DATE: 20061020
DOCKET: C42811
COURT OF APPEAL FOR ONTARIO
RE:
HER MAJESTY THE QUEEN (Respondent) – and – BRIAN DOLIVERO WRIGHT (Appellant)
BEFORE:
LASKIN, MOLDAVER and JURIANSZ JJ.A.
COUNSEL:
Crystal Tomusiak
for the appellant
Nadia Thomas
for the respondent
HEARD & ENDORSED:
October 18, 2006
On appeal from conviction by Justice Bruce C. Hawkins of the Superior Court of Justice, sitting with a jury, dated September 16, 2004 and sentence imposed November 25, 2004.
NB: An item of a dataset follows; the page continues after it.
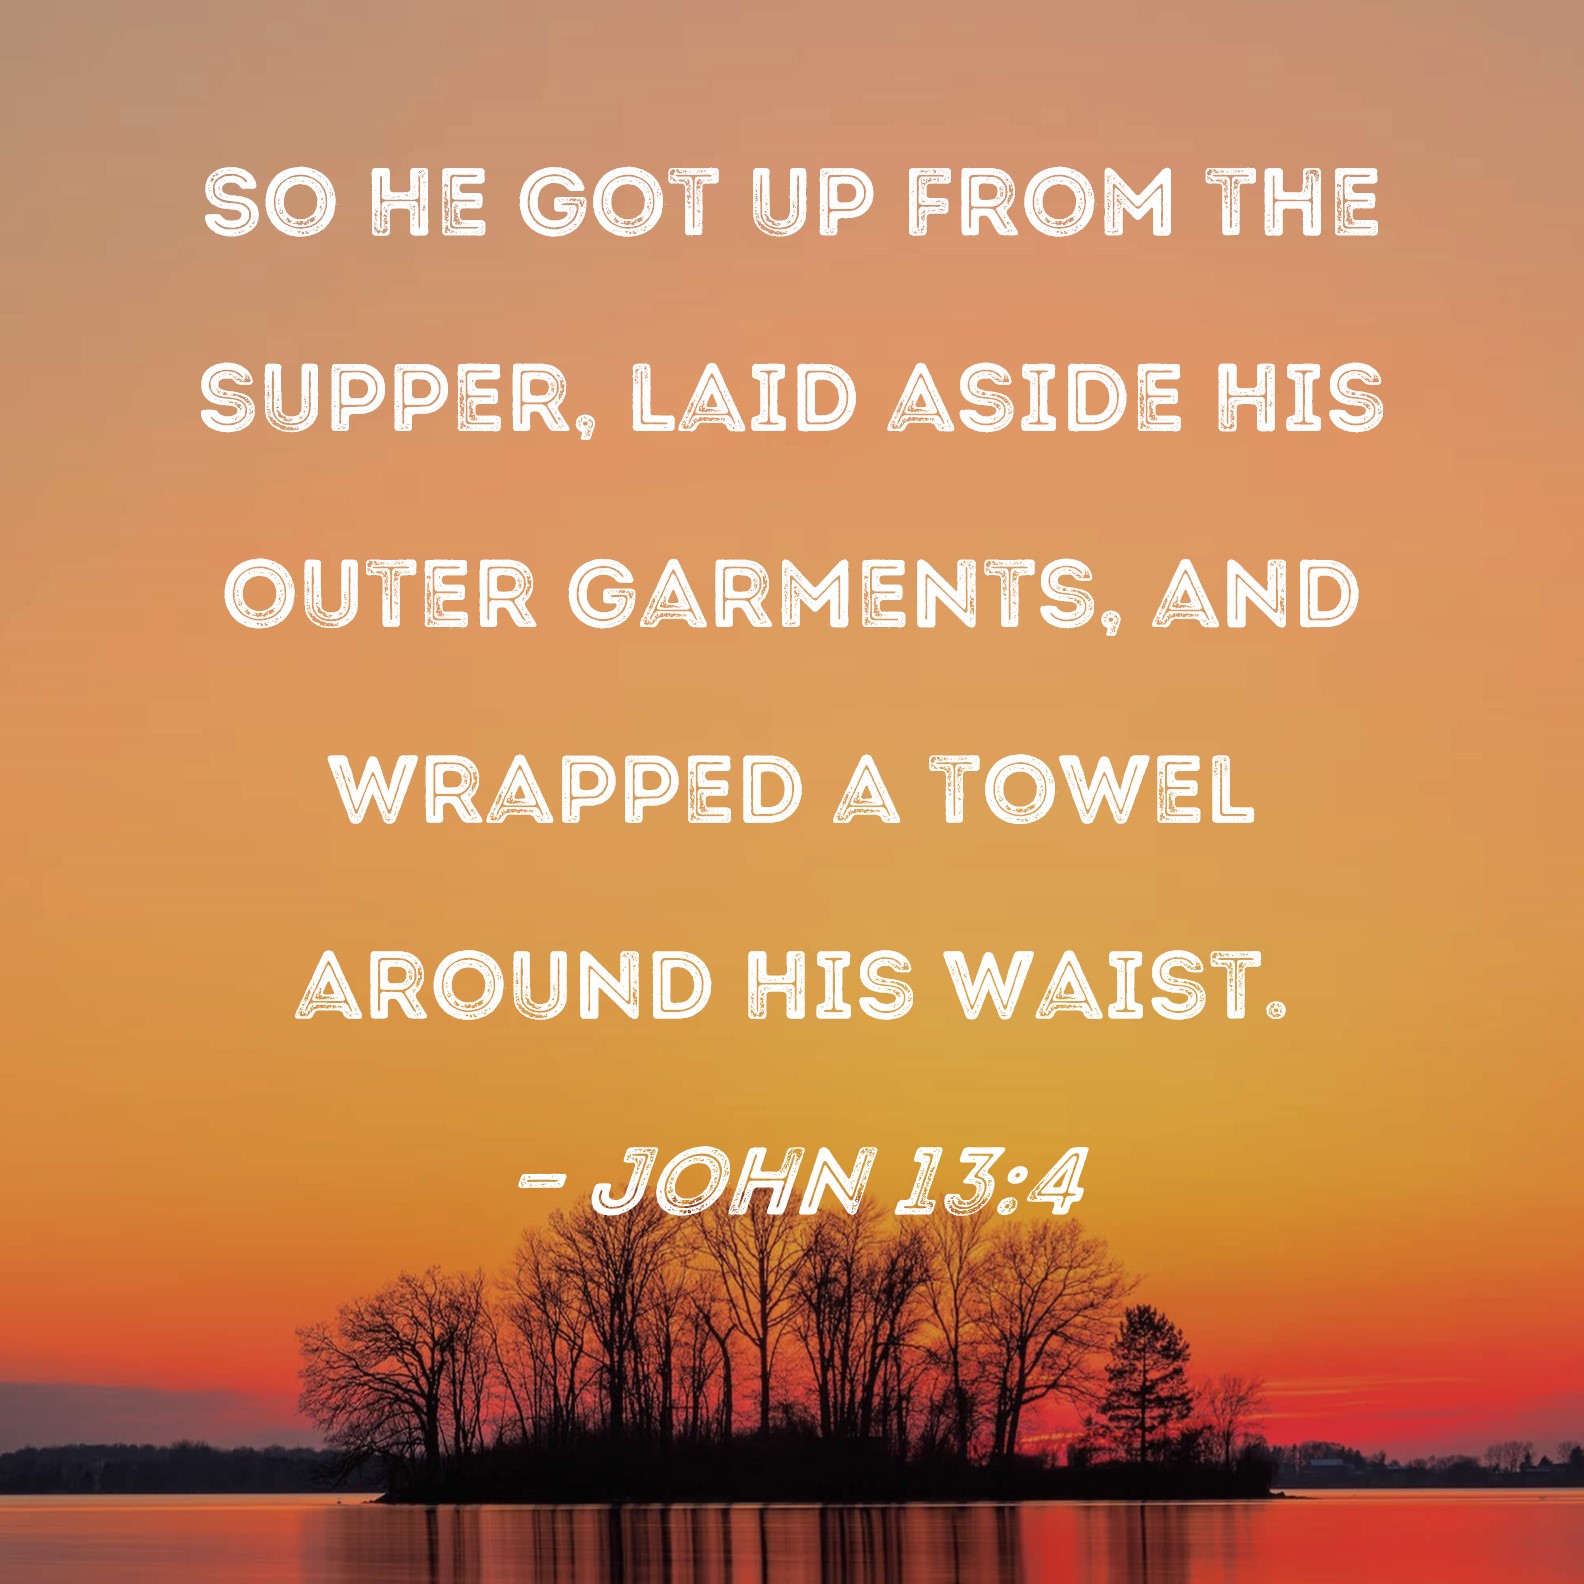 John 13:4 So He got up from the supper, laid aside His outer

A P P E A L B O O K E N D O R S E M E N T
[1] The appellant complains that the trial judge erred in failing to give the jury a blended instruction on both self-defence and accident. We disagree. The trial judge’s charge was, if anything, favourable to the appellant. It effectively assumed that he was acting lawfully in pushing the victim away (which might otherwise be conduct amounting to an unlawful assault) and went right to the heart of the matter, i.e., did the jury believe or have a reasonable doubt that the stabbing was accidental.
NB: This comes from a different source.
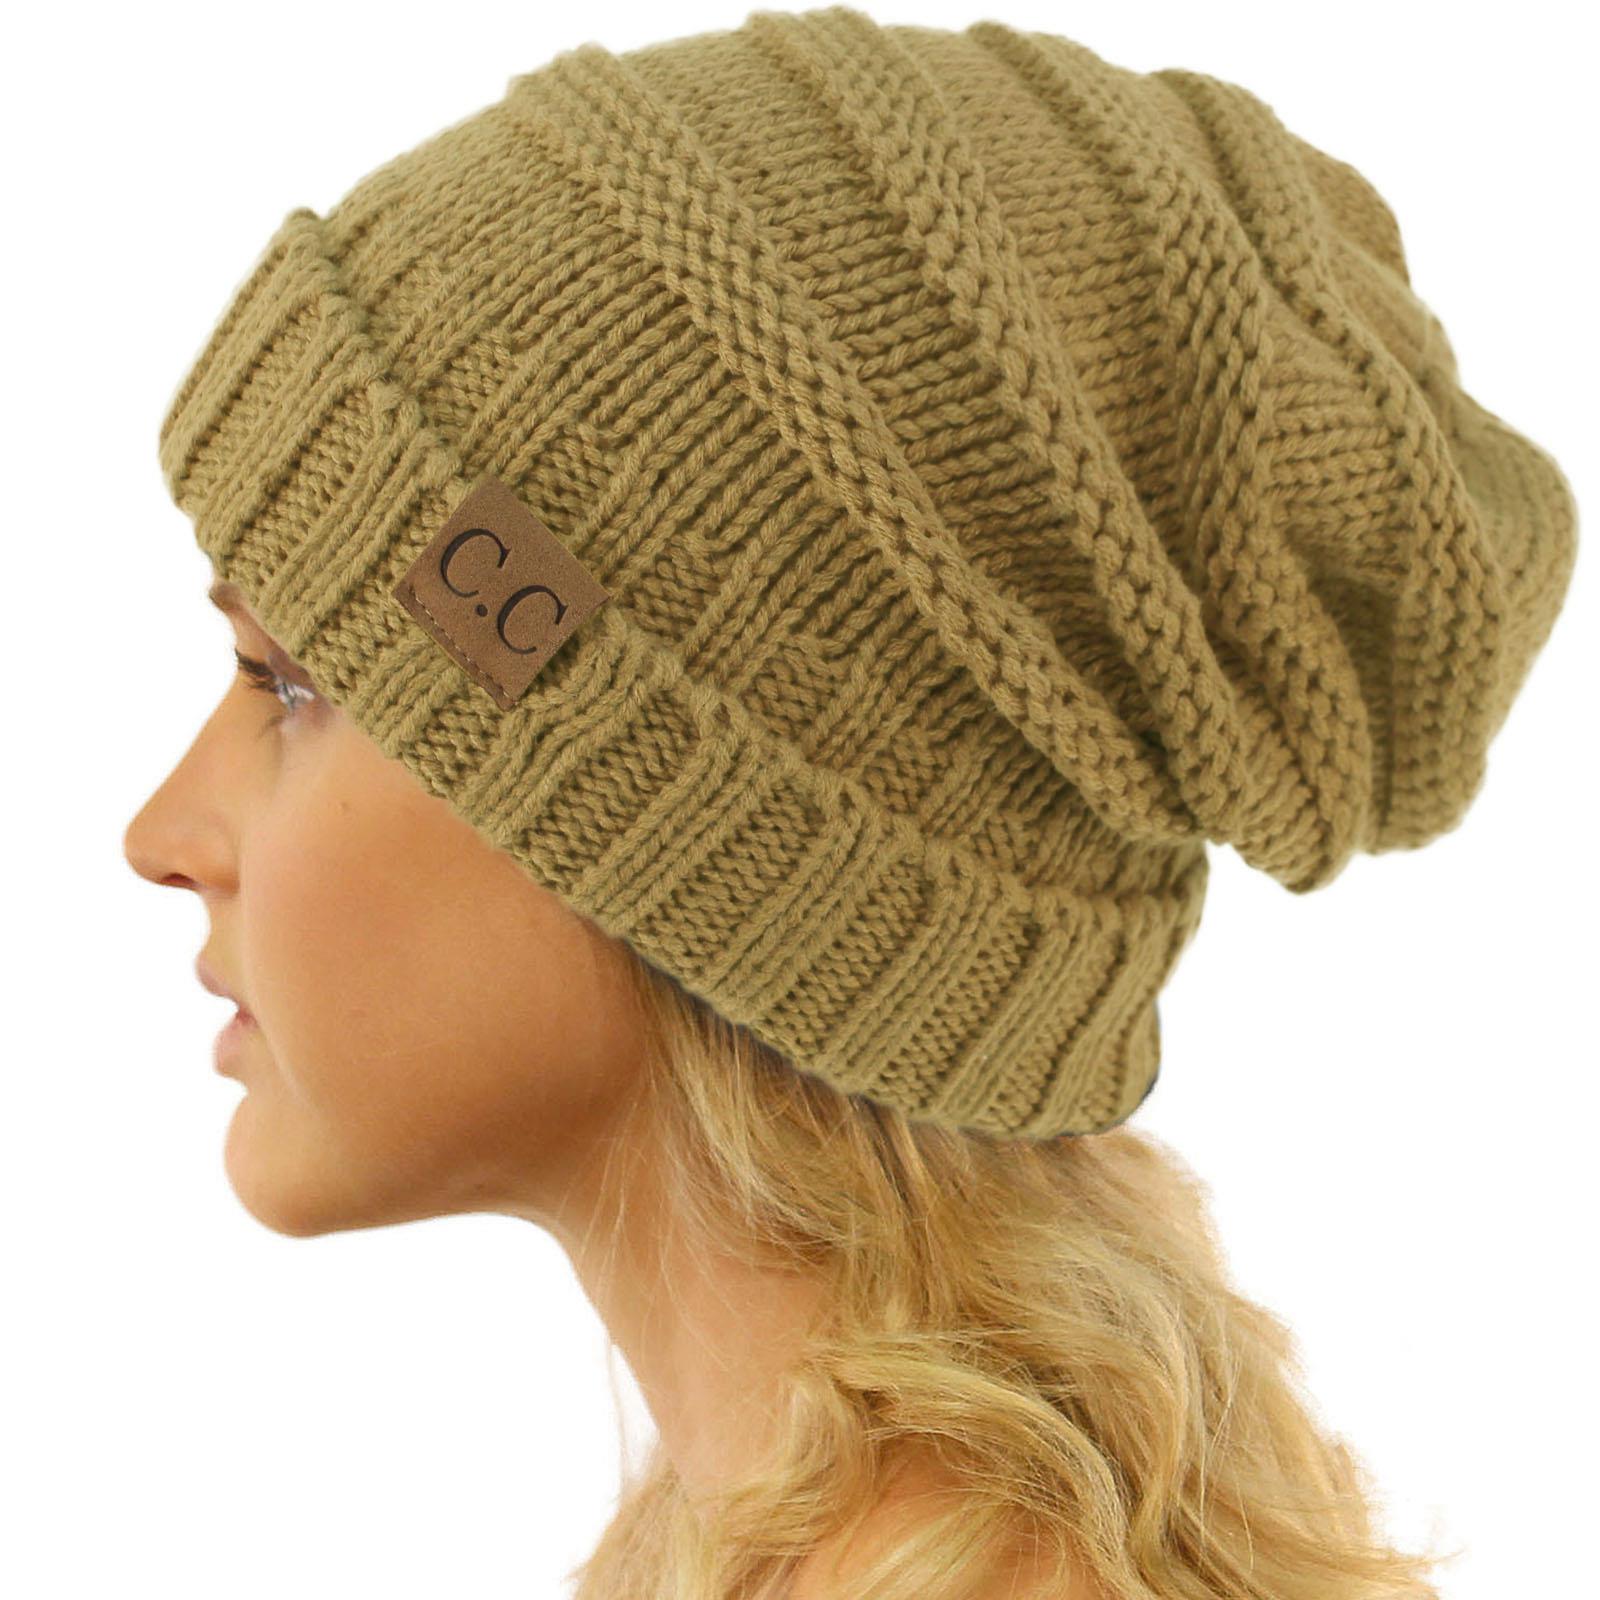 CC Winter Trendy Warm Oversized Chunky Baggy Stretchy Slouchy Skully Beanie Hat - image 1 of 2

[2] The trial judge is not to be faulted for the functional approach he took. In our view, it focussed the jury on the critical issue that they had to decide, i.e., was the stabbing accidental or not. We would only add that if the stabbing was purposeful, the defence of self-defence would not have been available to the appellant as it would have lacked any air of reality.
[3] We see no merit in the other grounds of appeal raised by the appellant in his factum but not pursued in oral argument. In particular, we are satisfied that the instructions made it clear to the jury that they could only convict the appellant if they were satisfied beyond a reasonable doubt that the stabbing was not accidental and that if the evidence favouring the appellant on that issue left them in a state of reasonable doubt, they were to acquit.
[4] Accordingly, the appeal from conviction is dismissed. The appeal from sentence is dismissed as abandoned.